___ DATASET CONTENT ___

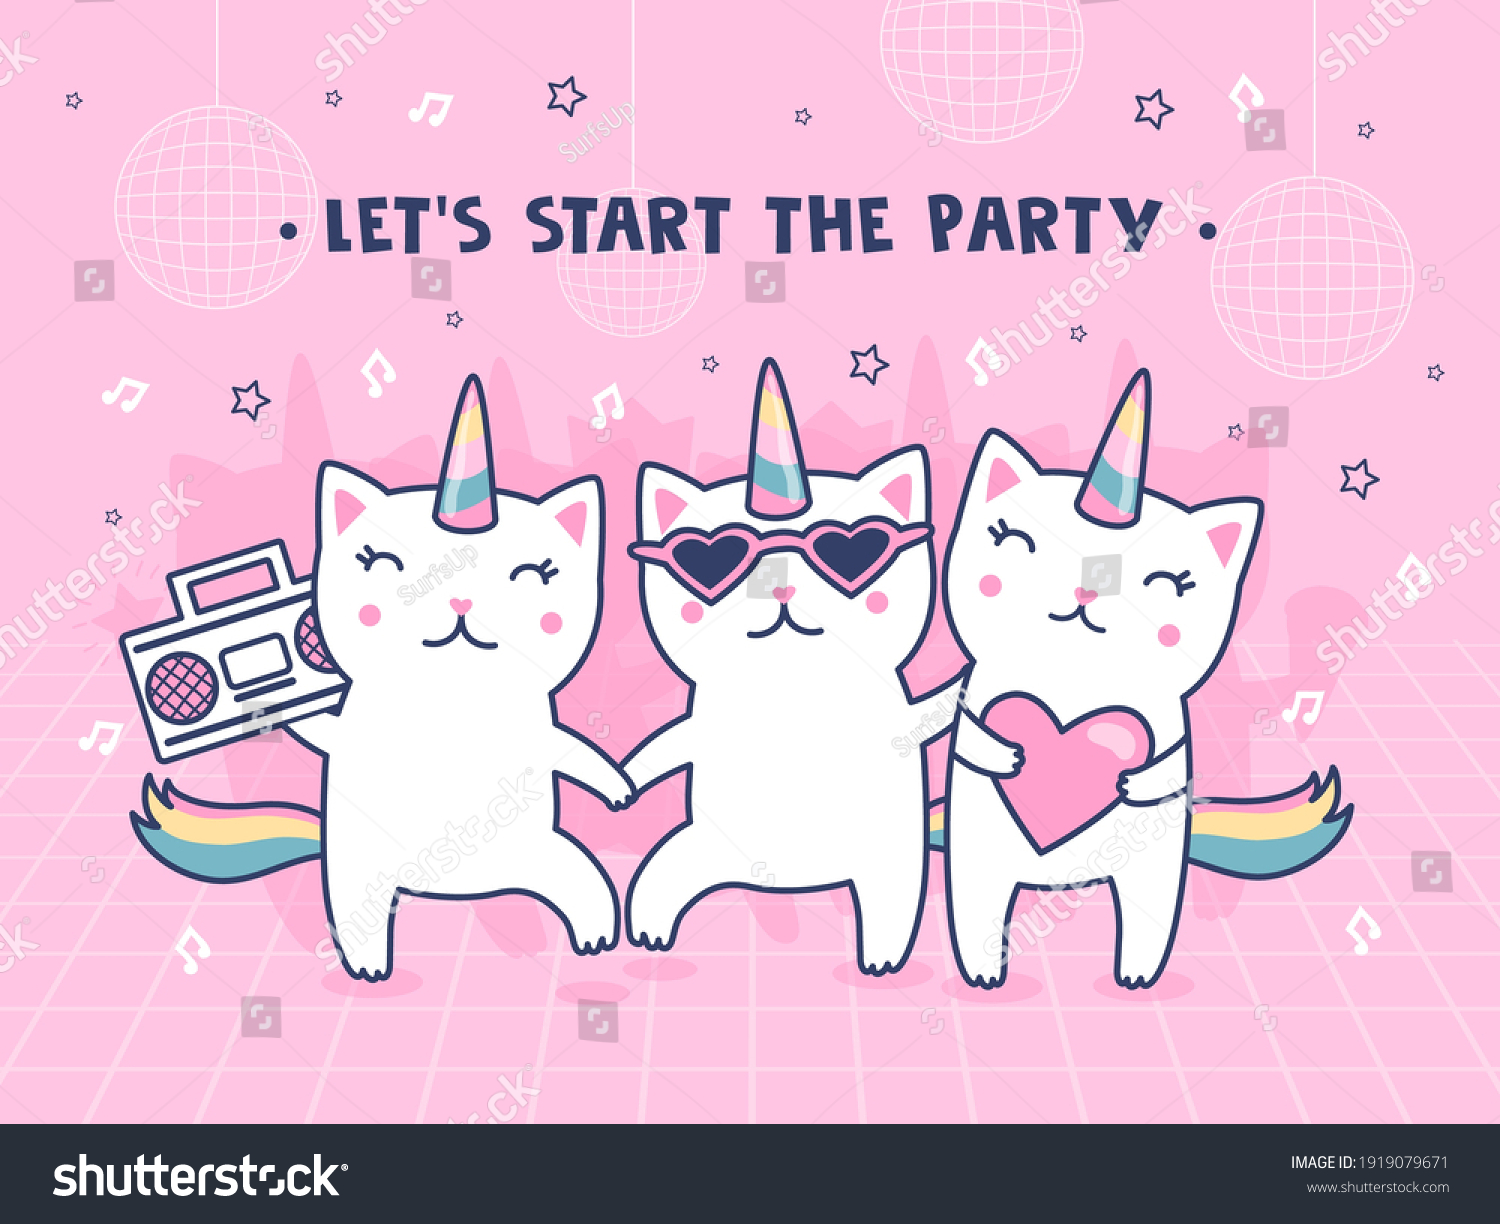 SVG of Cover design with unicorn cats. Cute dancing baby caticorns with rainbow tails vector illustrations with text on pink backgrounds. Party and fun concept for poster, website or webpage background svg
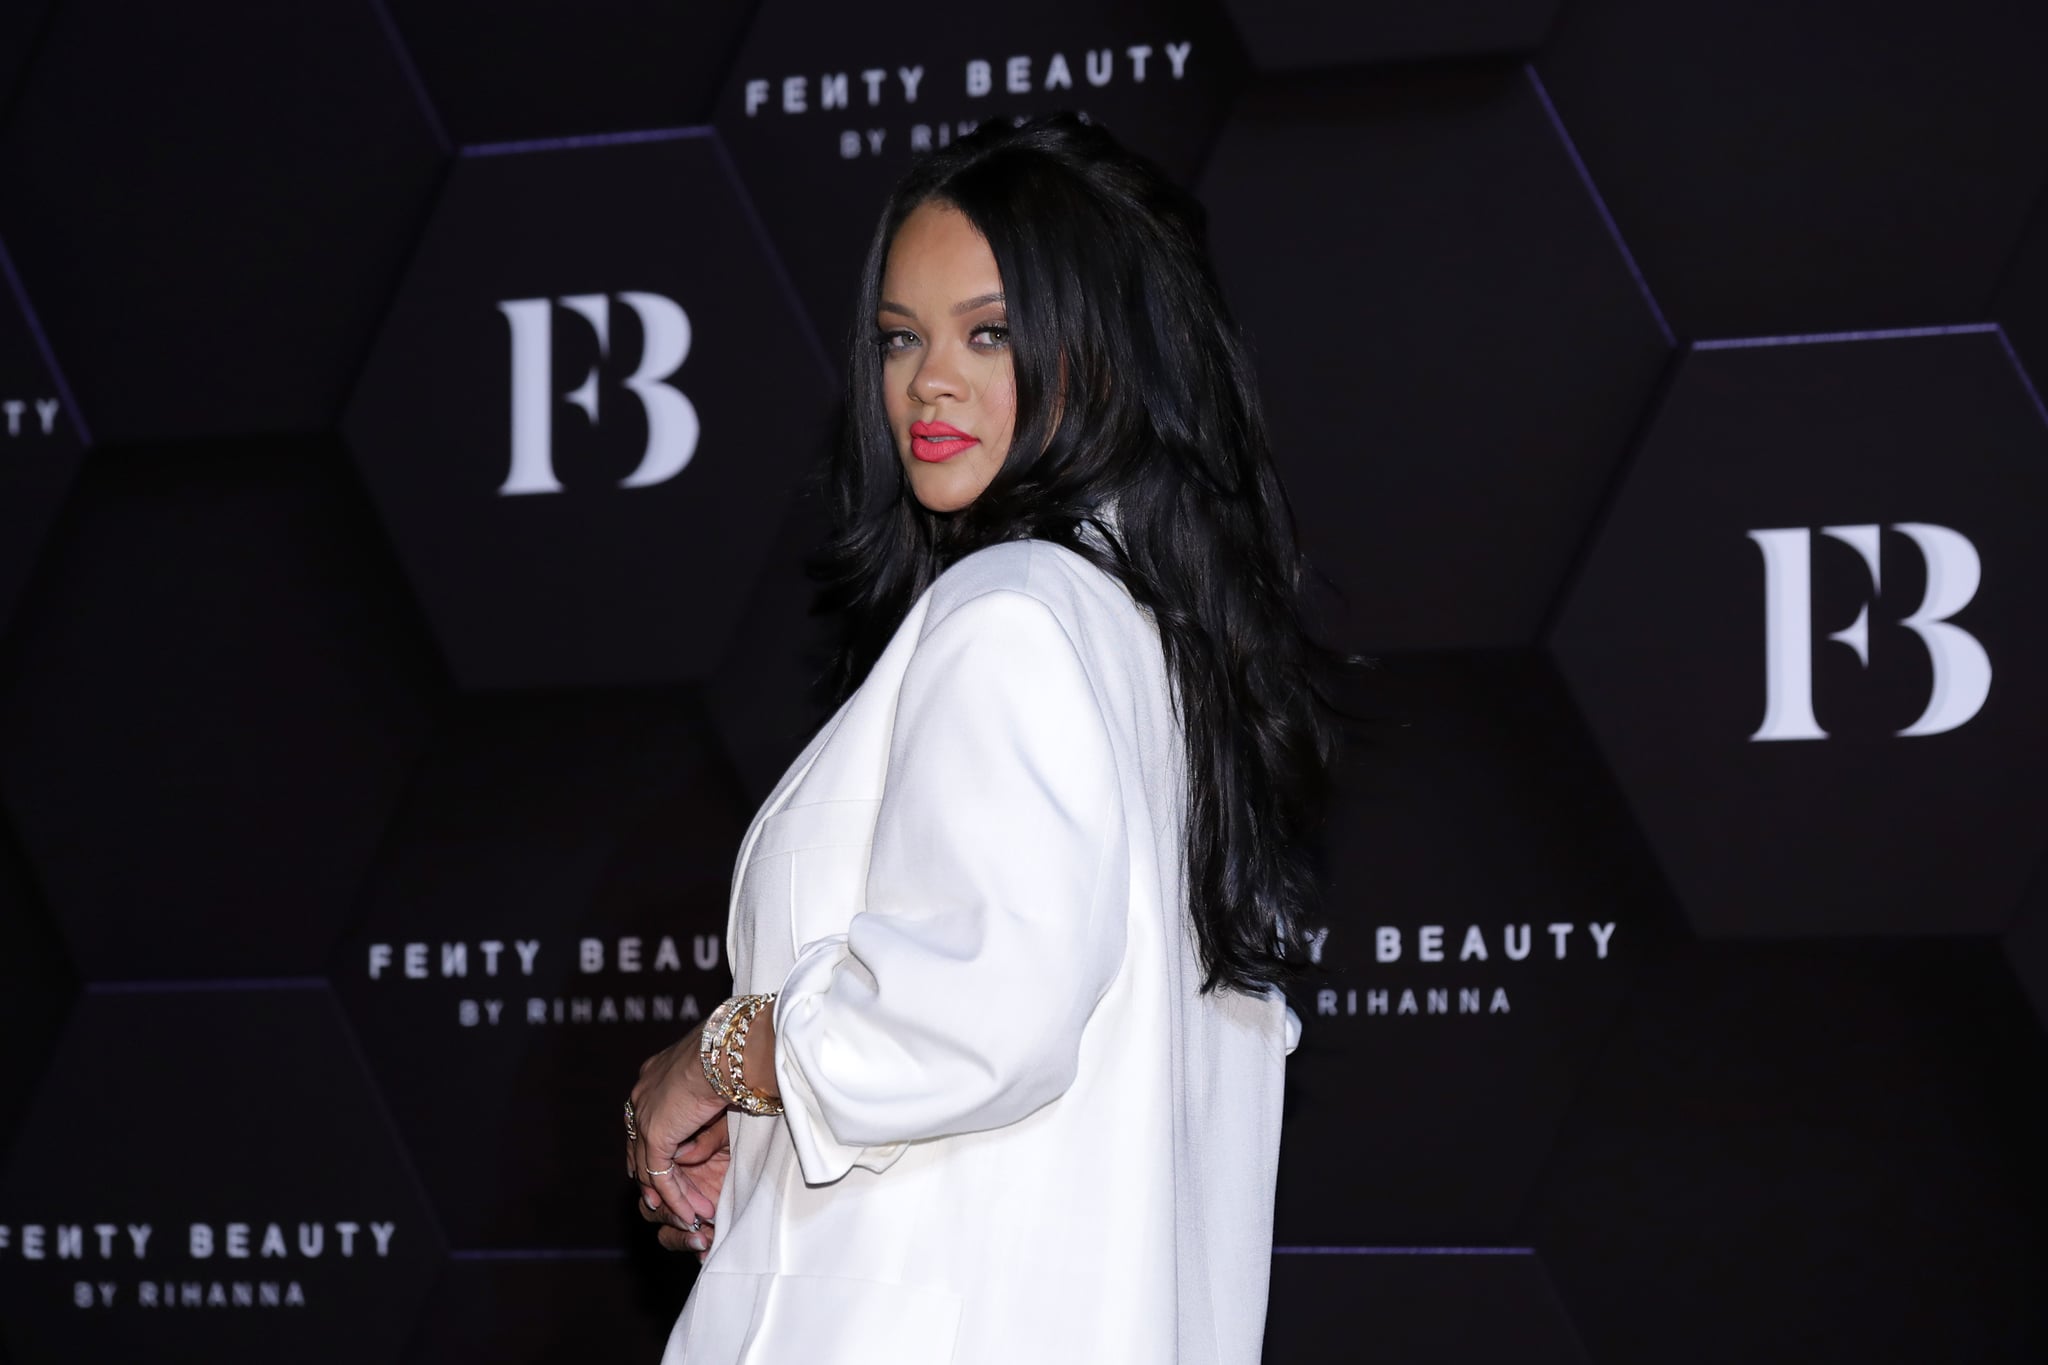 SEOUL, SOUTH KOREA - SEPTEMBER 17: ***South Korea Out*** Rihanna attends an event for 'FENTY BEAUTY' artistry beauty talk with Rihanna at Lotte World Tower on September 17, 2019 in Seoul, South Korea. (Photo by Han Myung-Gu/WireImage)
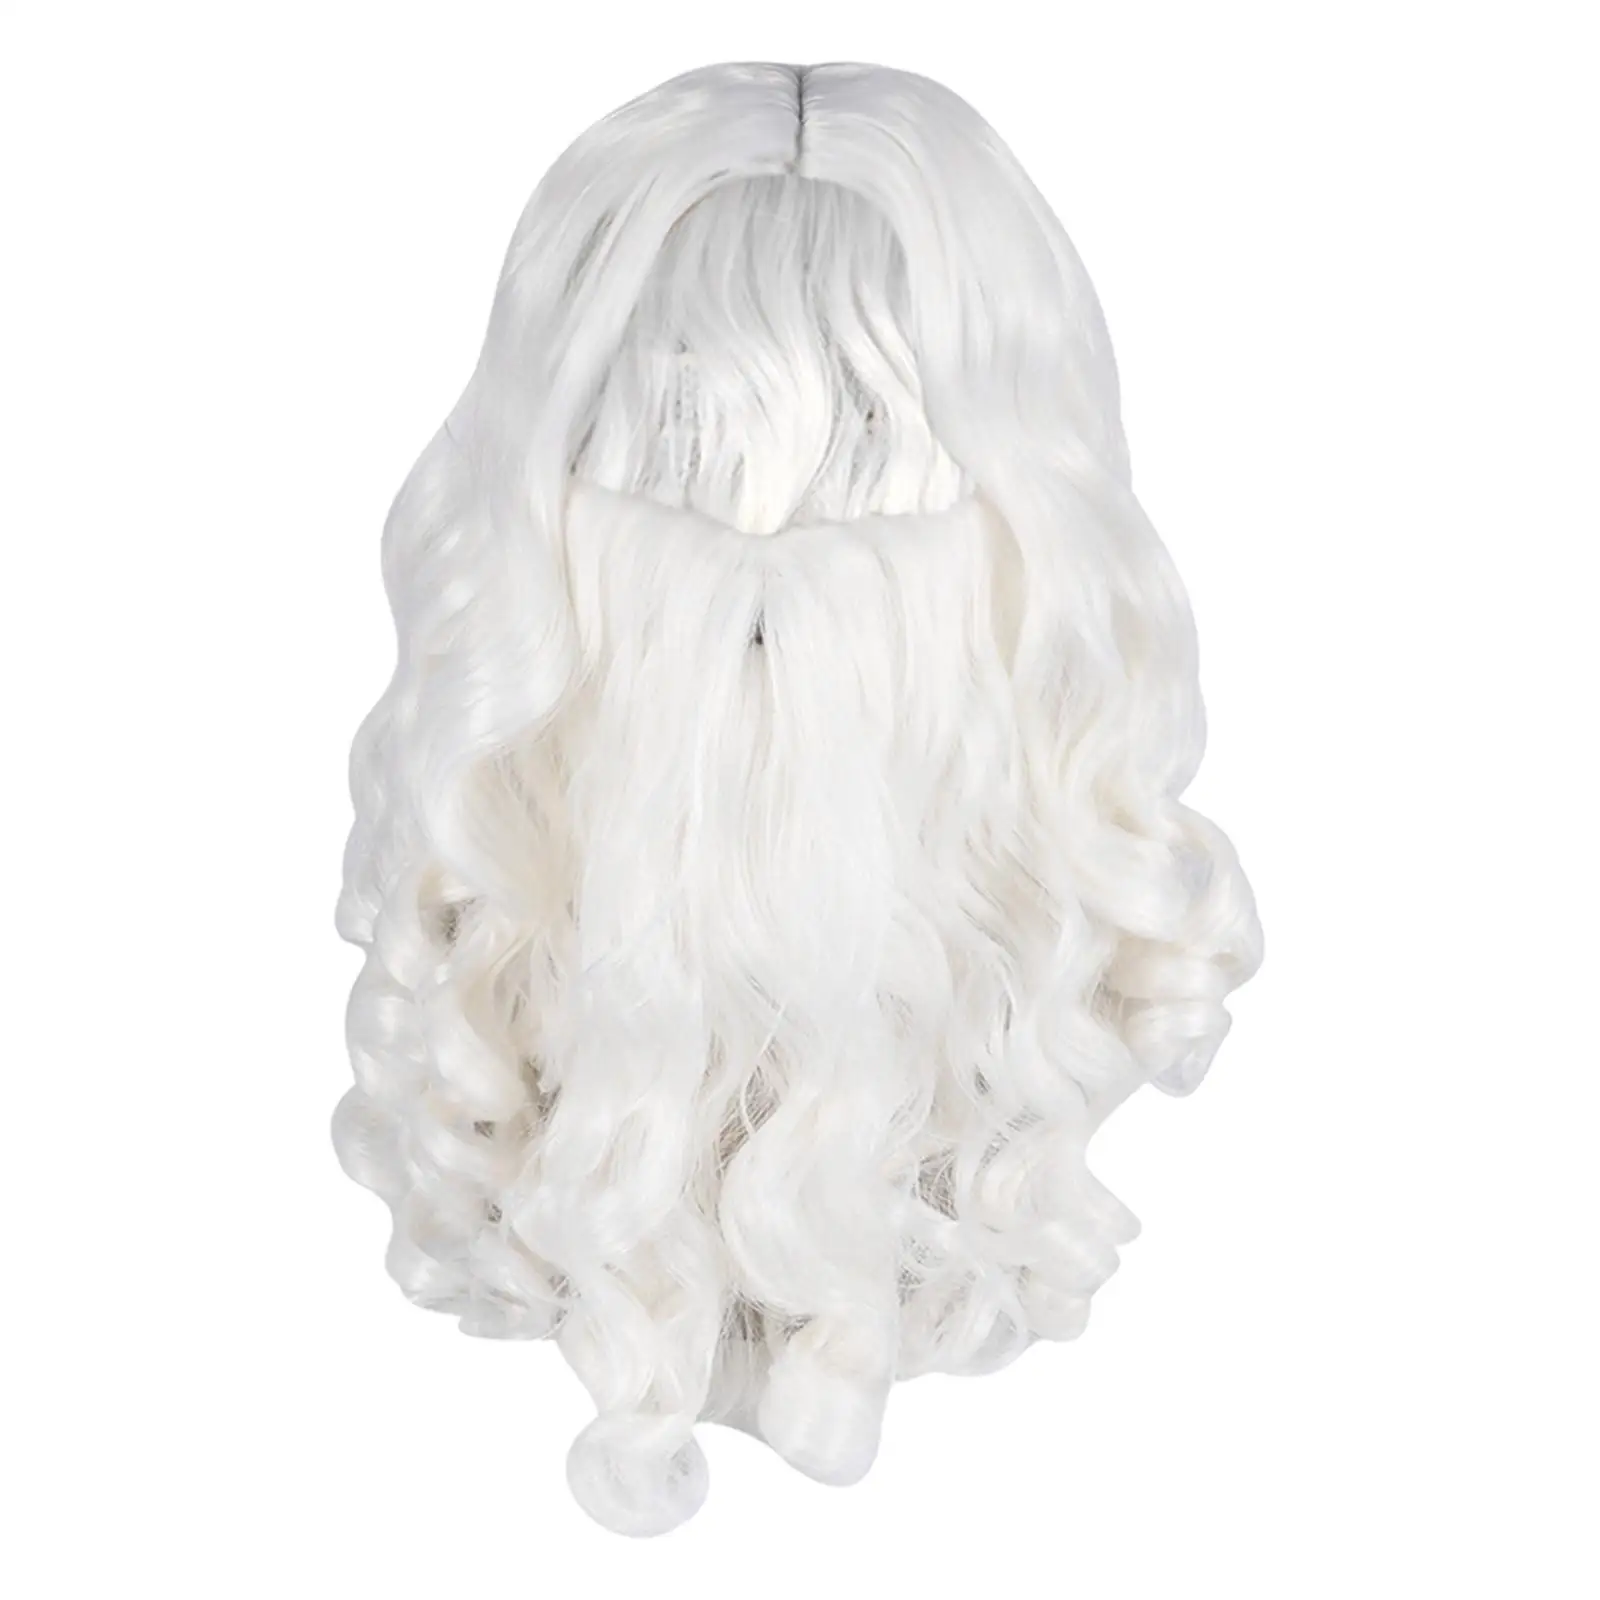 Santa Hair and Beard Set White Props Santa Claus Costume Accessories for Carnivals Themed Party Holidays Xmas Stage Performance

___

Write out the data above exactly as it appears, but without any image.

**ANSWER SECTION:**
 SVG of Cover design with unicorn cats. Cute dancing baby caticorns with rainbow tails vector illustrations with text on pink backgrounds. Party and fun concept for poster, website or webpage background svg
 SEOUL, SOUTH KOREA - SEPTEMBER 17: ***South Korea Out*** Rihanna attends an event for 'FENTY BEAUTY' artistry beauty talk with Rihanna at Lotte World Tower on September 17, 2019 in Seoul, South Korea. (Photo by Han Myung-Gu/WireImage)
 Santa Hair and Beard Set White Props Santa Claus Costume Accessories for Carnivals Themed Party Holidays Xmas Stage Performance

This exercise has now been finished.